_Dataset content:_
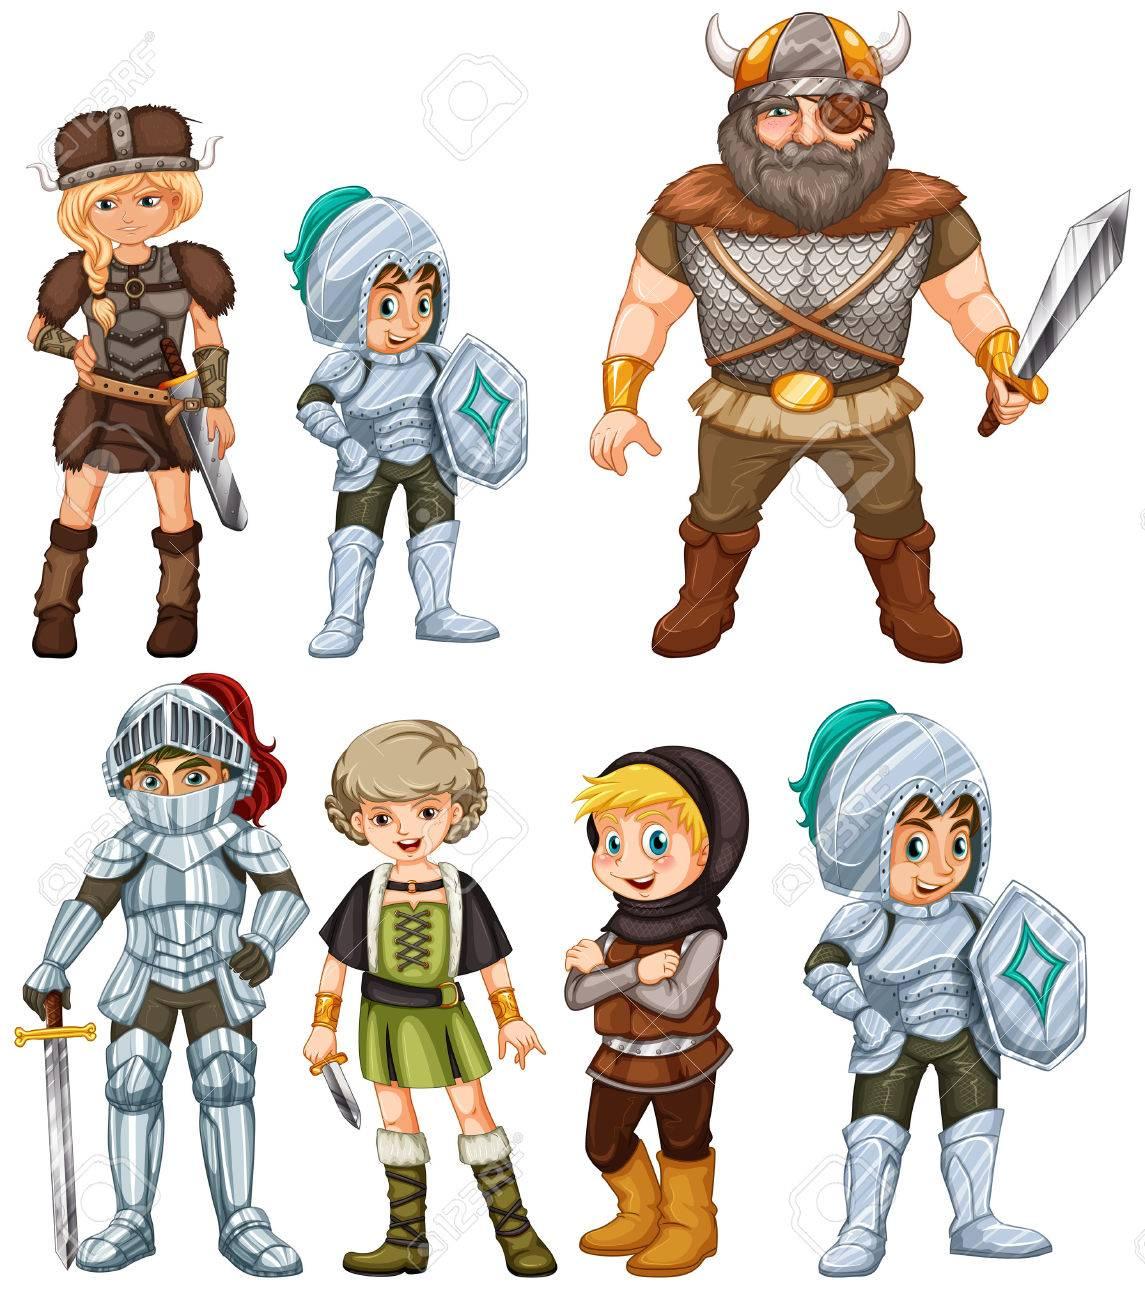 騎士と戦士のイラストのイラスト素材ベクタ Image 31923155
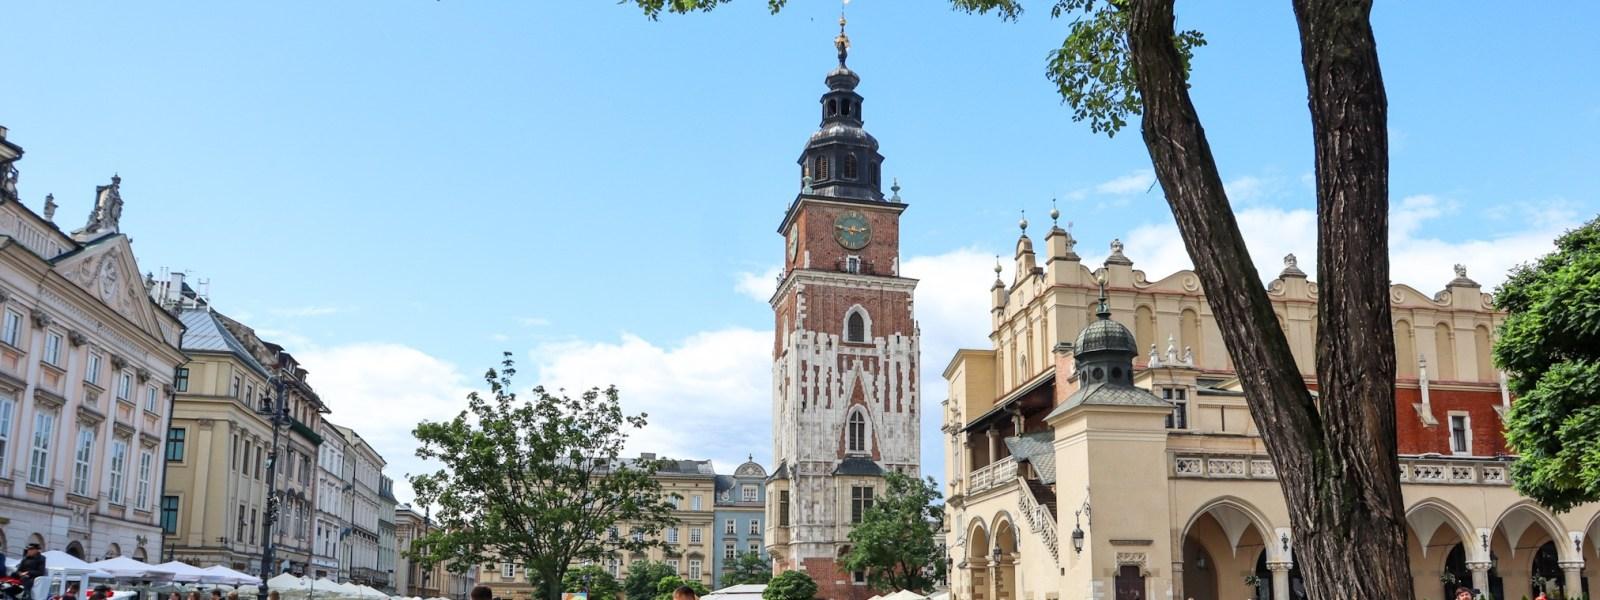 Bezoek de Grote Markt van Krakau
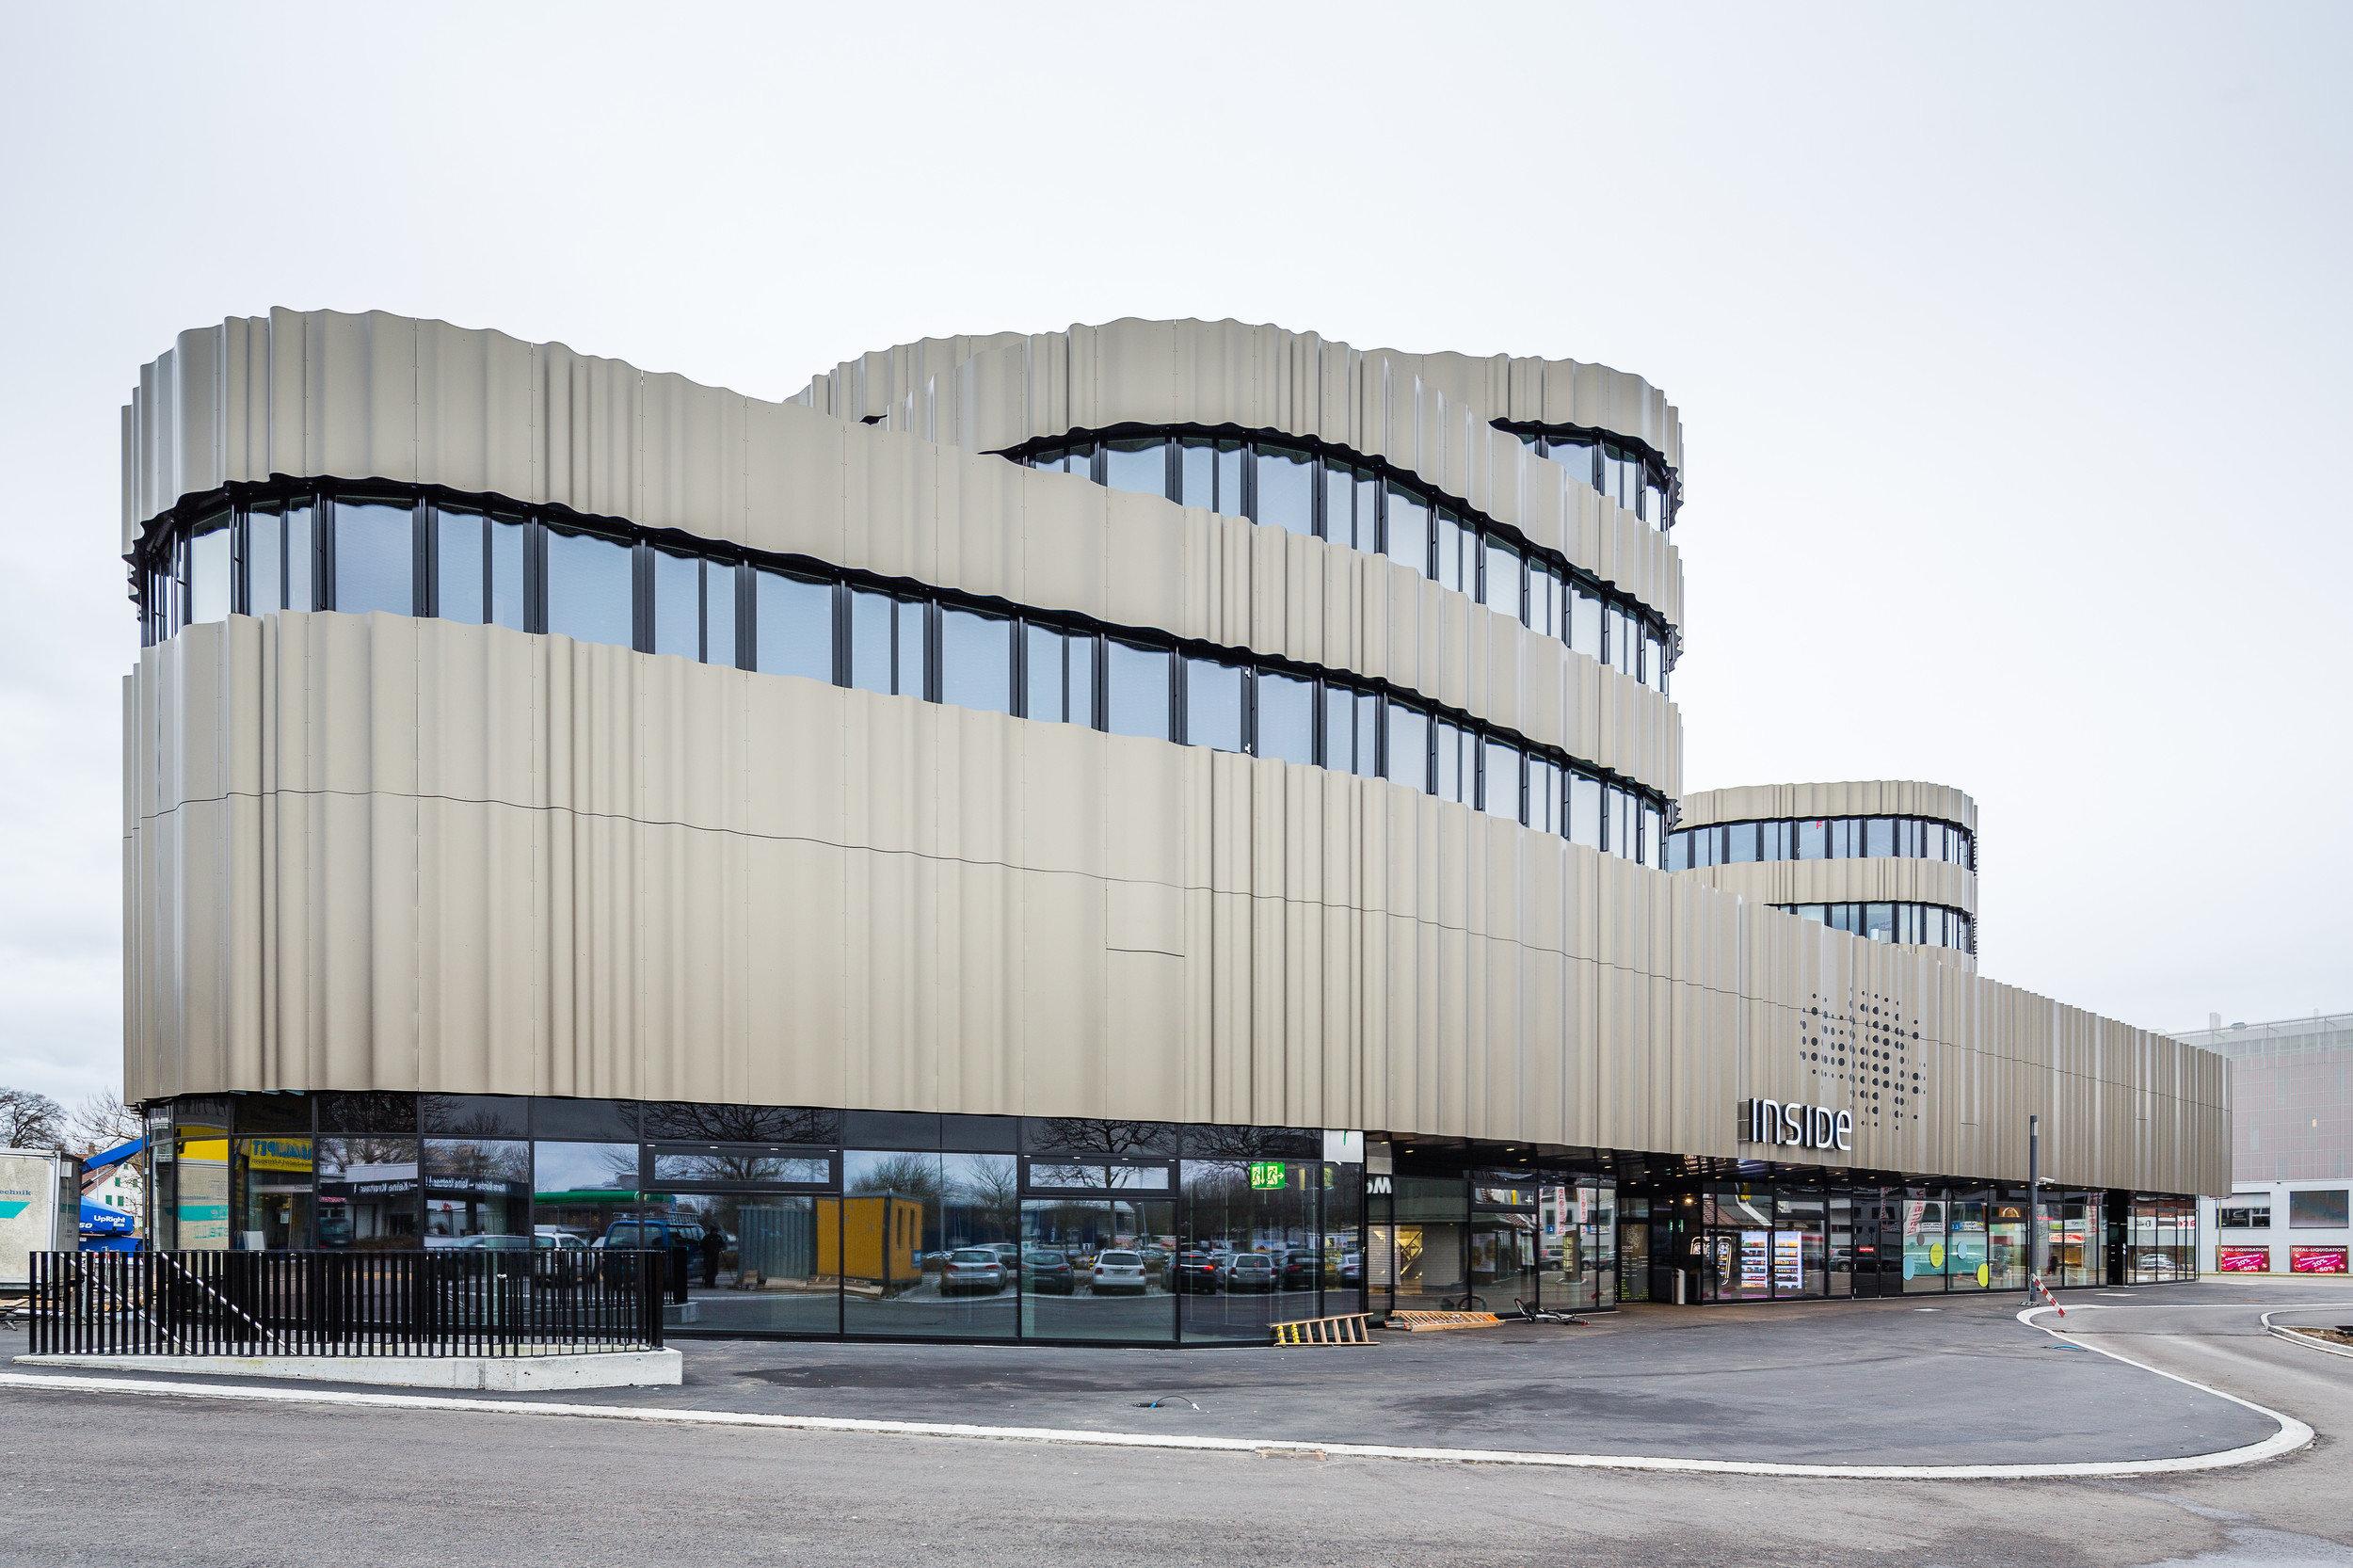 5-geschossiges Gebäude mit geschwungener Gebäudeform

_Problem description:_ Restate the data above word for word. Do not include the images.

_Task solution:_
 騎士と戦士のイラストのイラスト素材ベクタ Image 31923155
 Bezoek de Grote Markt van Krakau
 5-geschossiges Gebäude mit geschwungener Gebäudeform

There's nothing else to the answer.